* WHAT IS EXPECTED:
Transcribe the listing exactly as written. Leave the images out.

* RECORDED INFORMATION:
"""

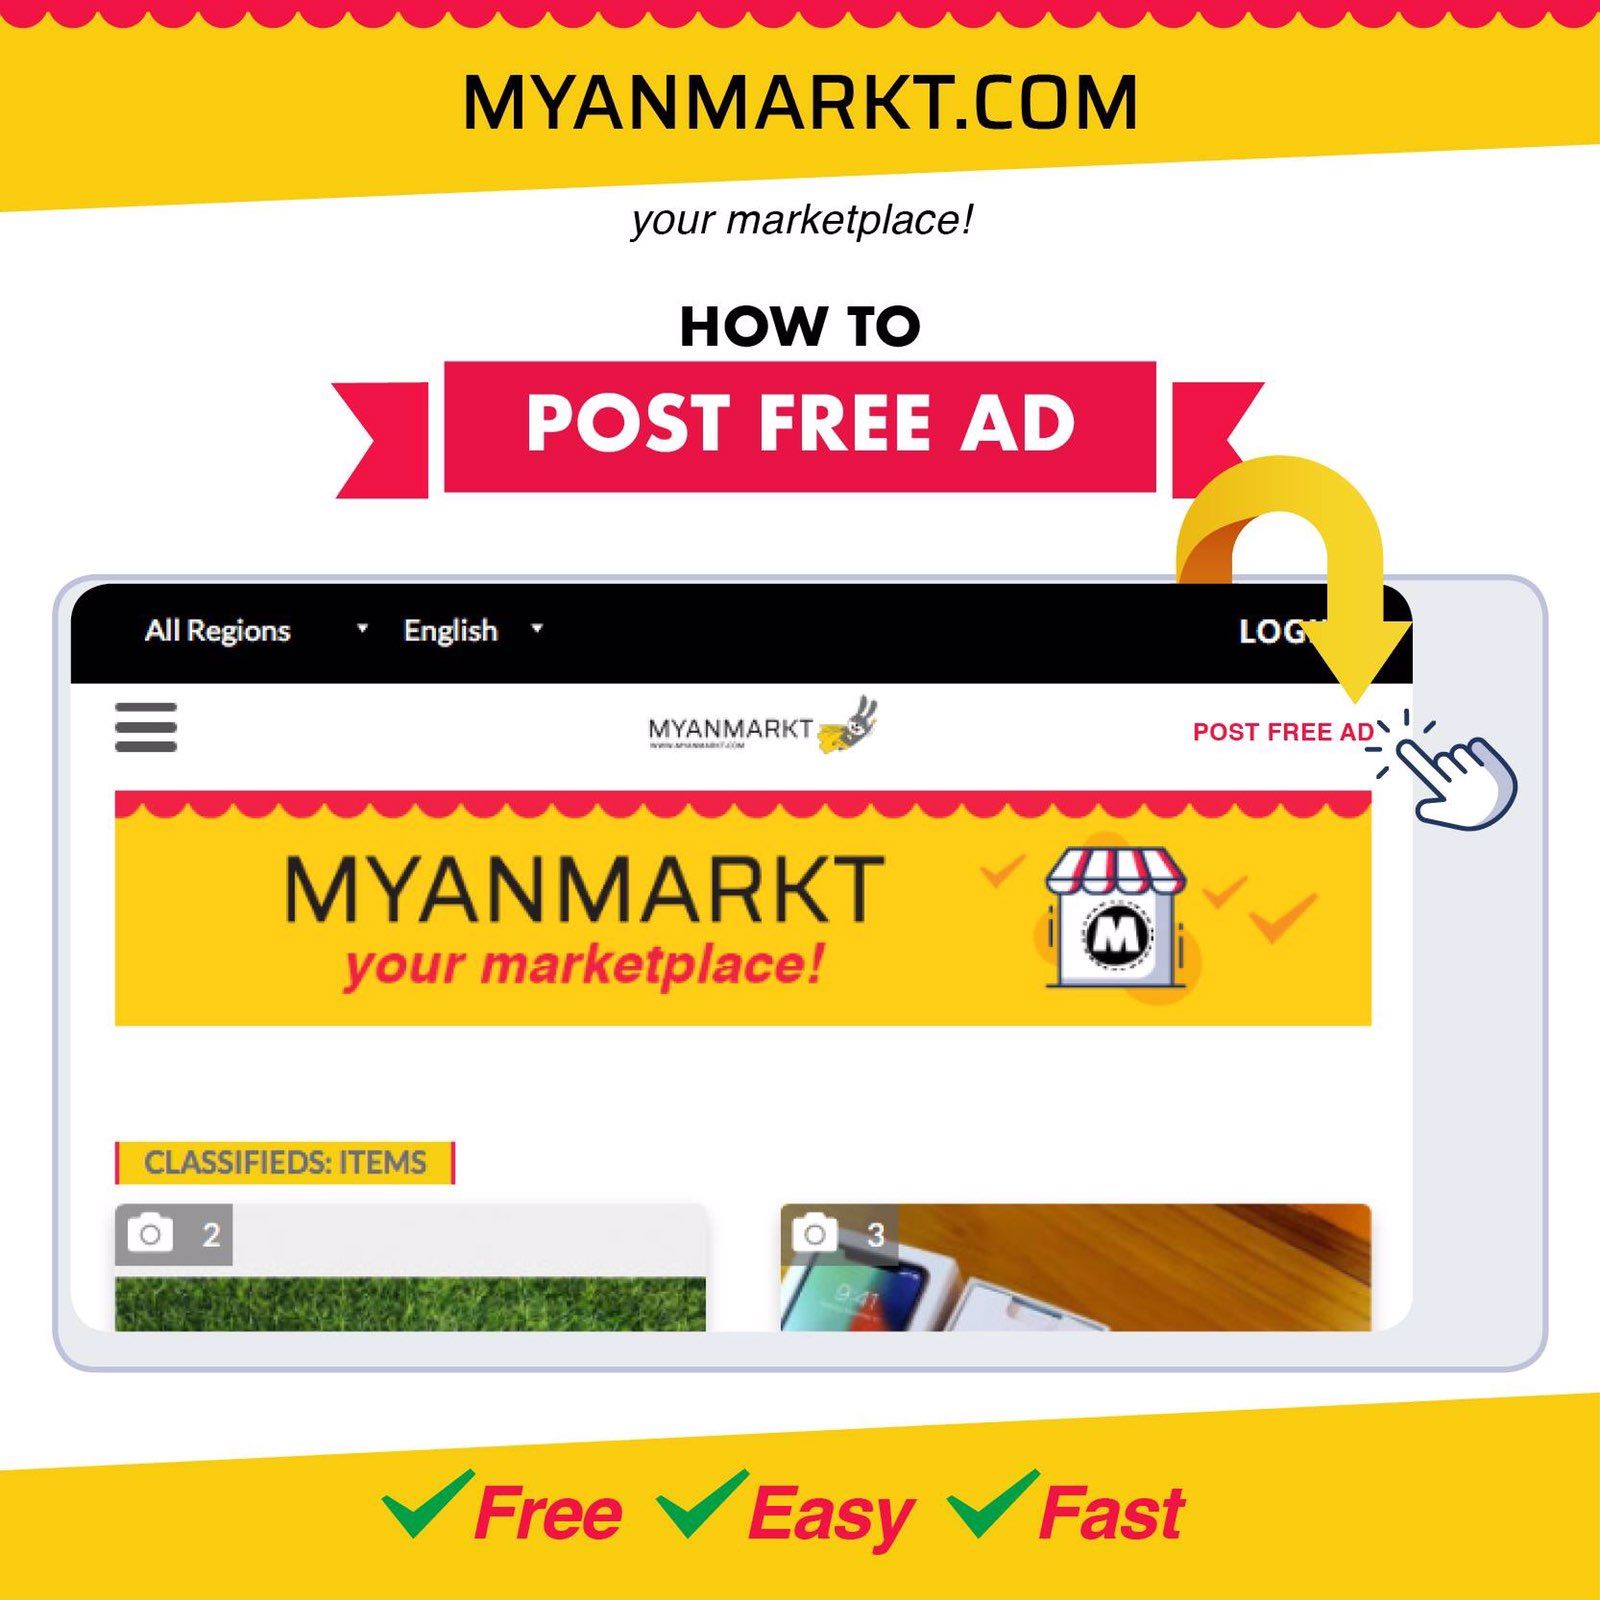 မြန်မာနိုင်ငံ၏ အကောင်းဆုံး အခမဲ့ အွန်လိုင်းဈေးဝယ် ဝက်ဘ်ဆိုဒ် MYANMARKT.COM ကို တရားဝင်မိတ်ဆက်
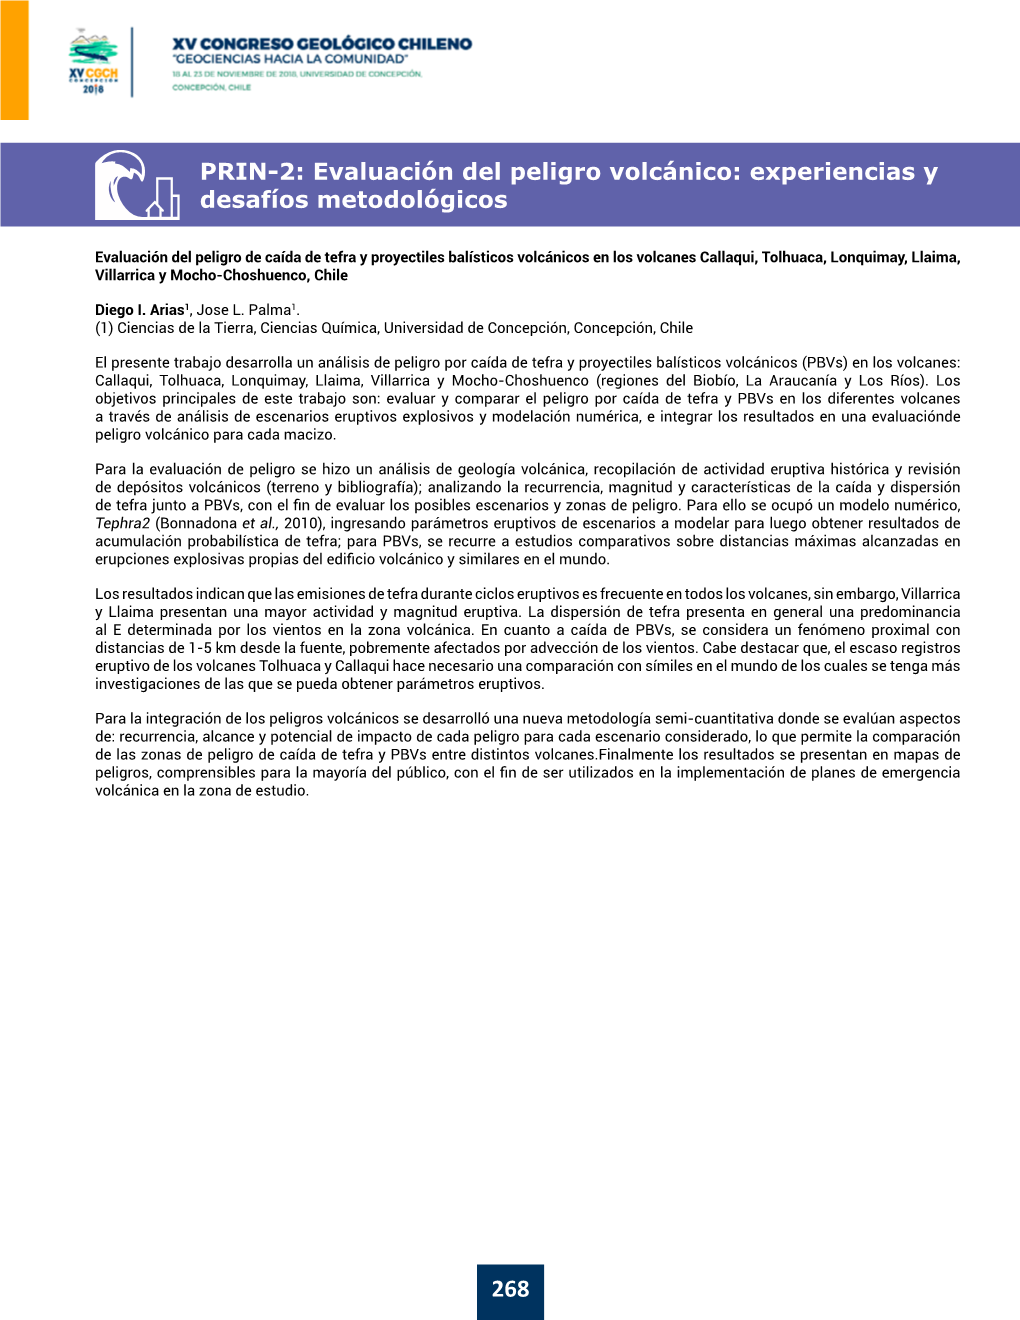 PRIN-2: Evaluación Del Peligro Volcánico: Experiencias Y Desafíos Metodológicos
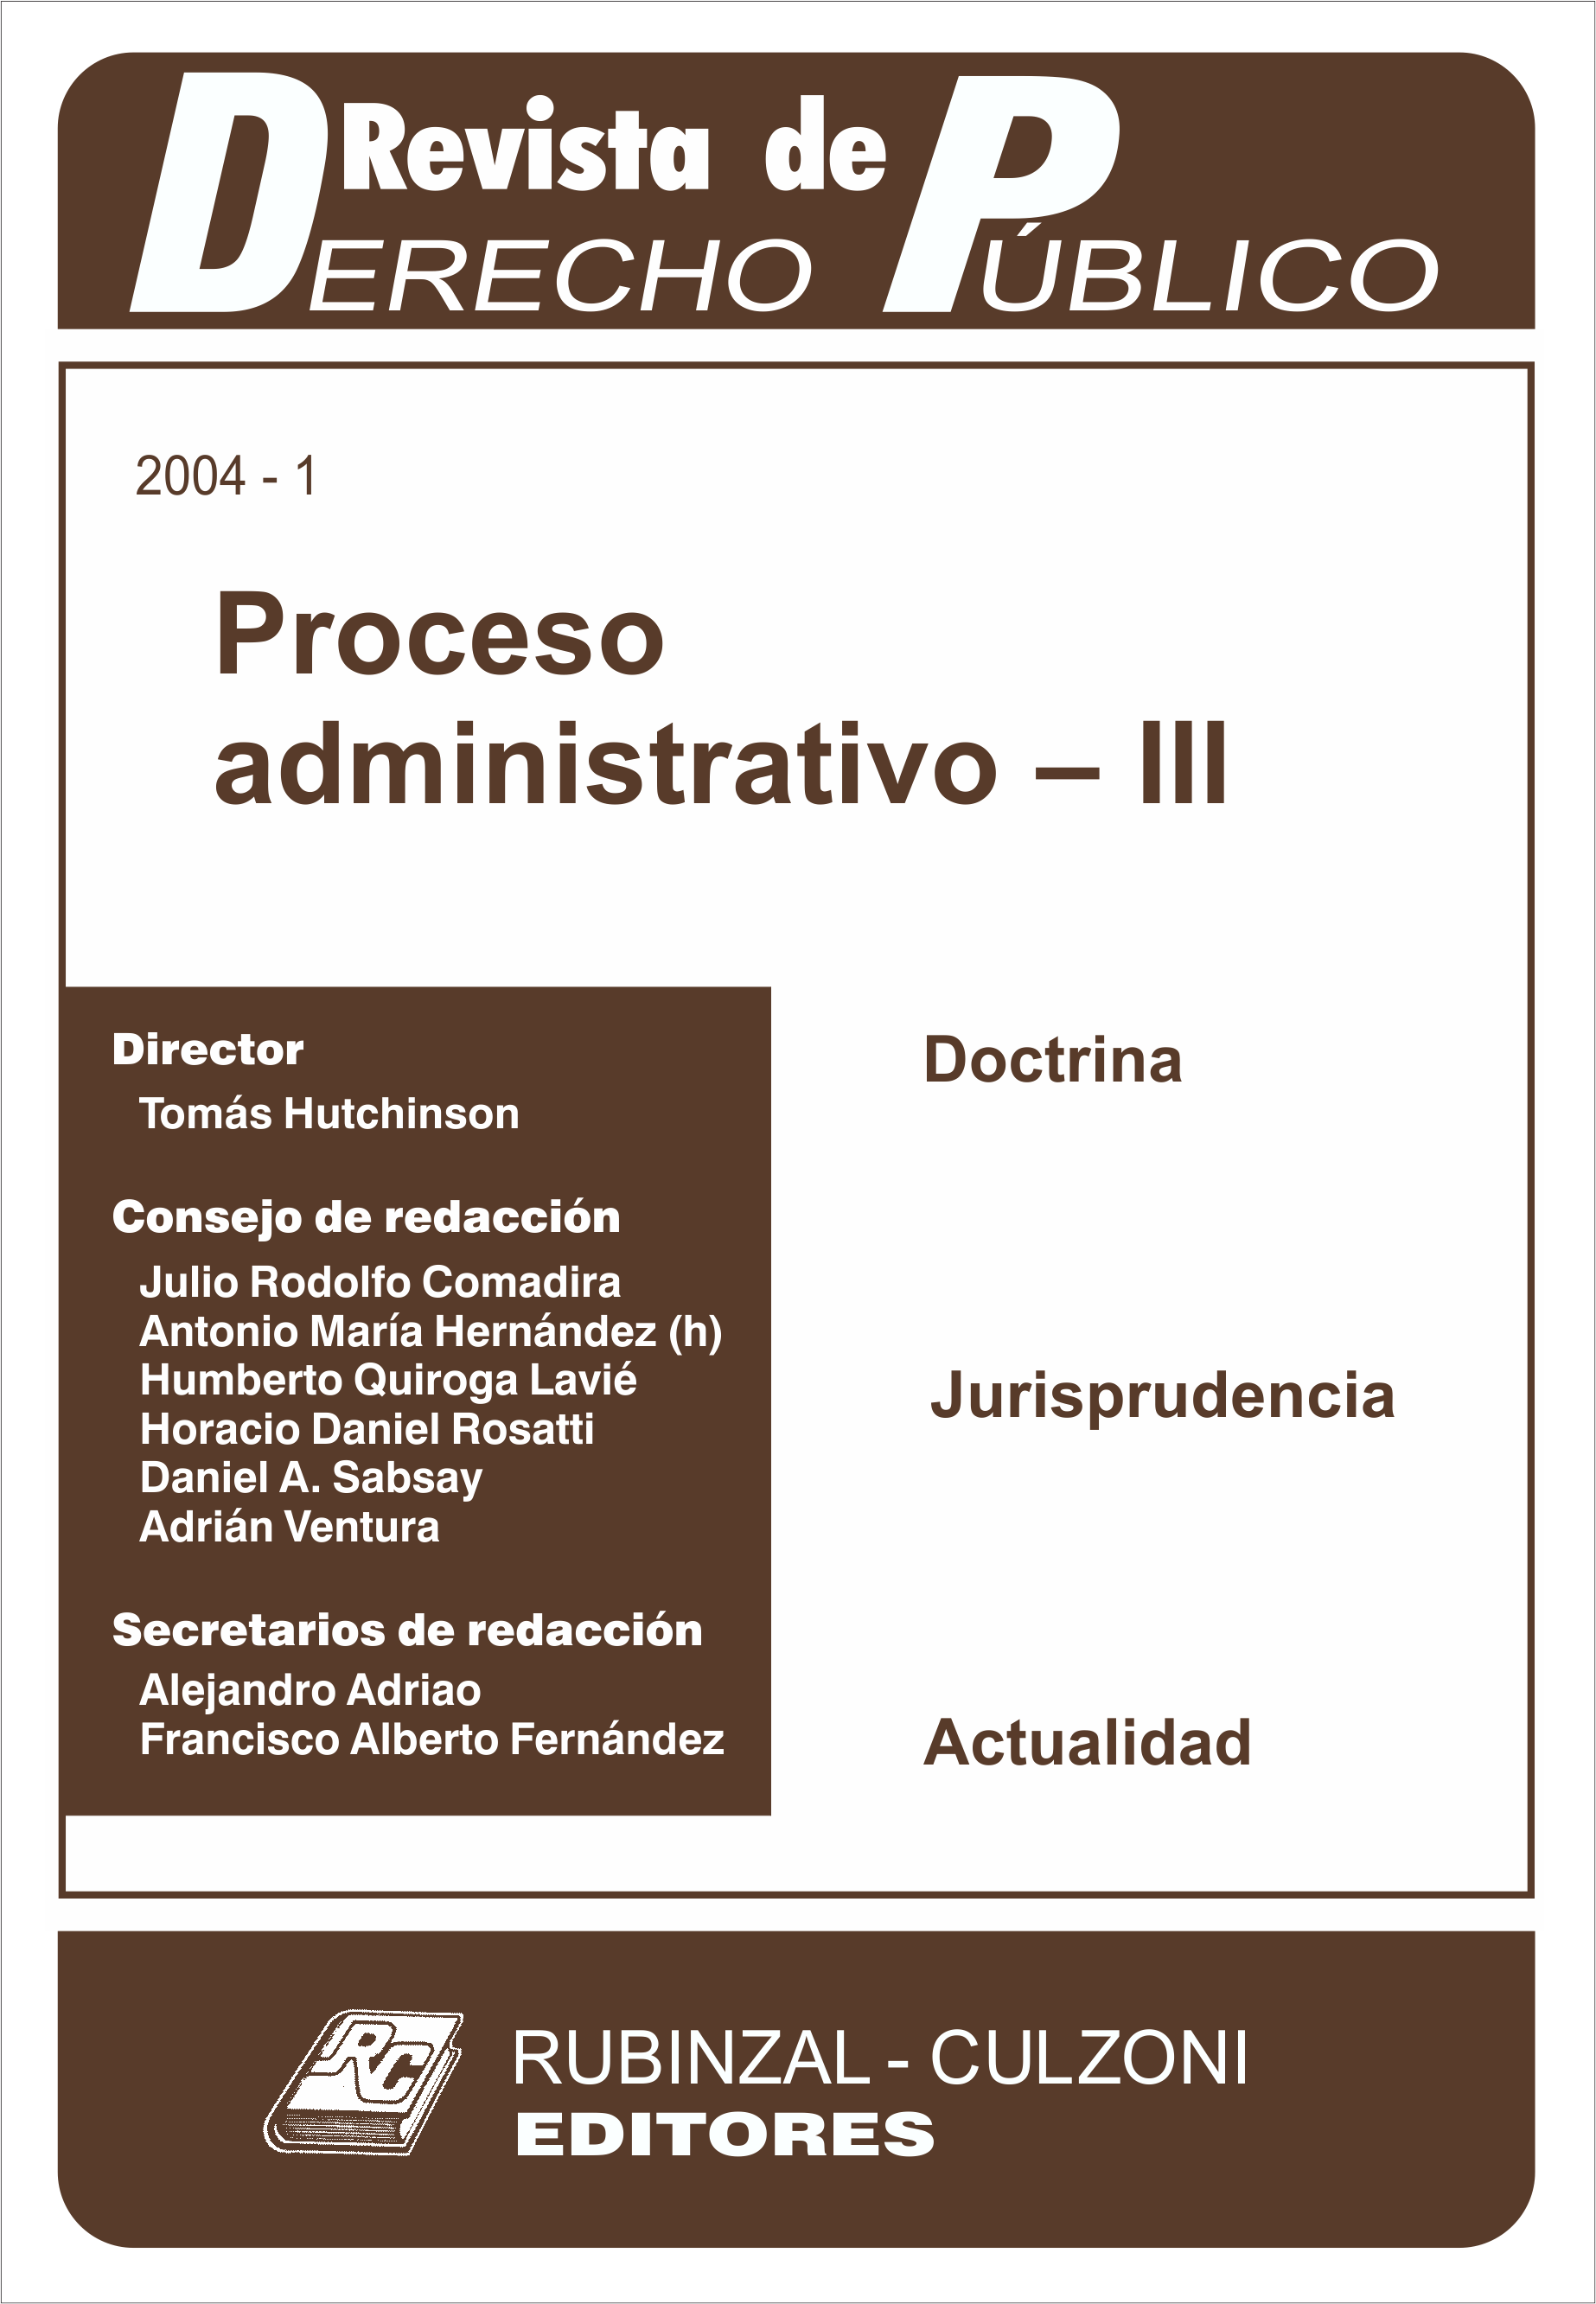 Revista de Derecho Público - Proceso administrativo - III.

"""

* ANSWER TO THIS EXERCISE:
 မြန်မာနိုင်ငံ၏ အကောင်းဆုံး အခမဲ့ အွန်လိုင်းဈေးဝယ် ဝက်ဘ်ဆိုဒ် MYANMARKT.COM ကို တရားဝင်မိတ်ဆက်
 PRIN-2: Evaluación Del Peligro Volcánico: Experiencias Y Desafíos Metodológicos
 Revista de Derecho Público - Proceso administrativo - III.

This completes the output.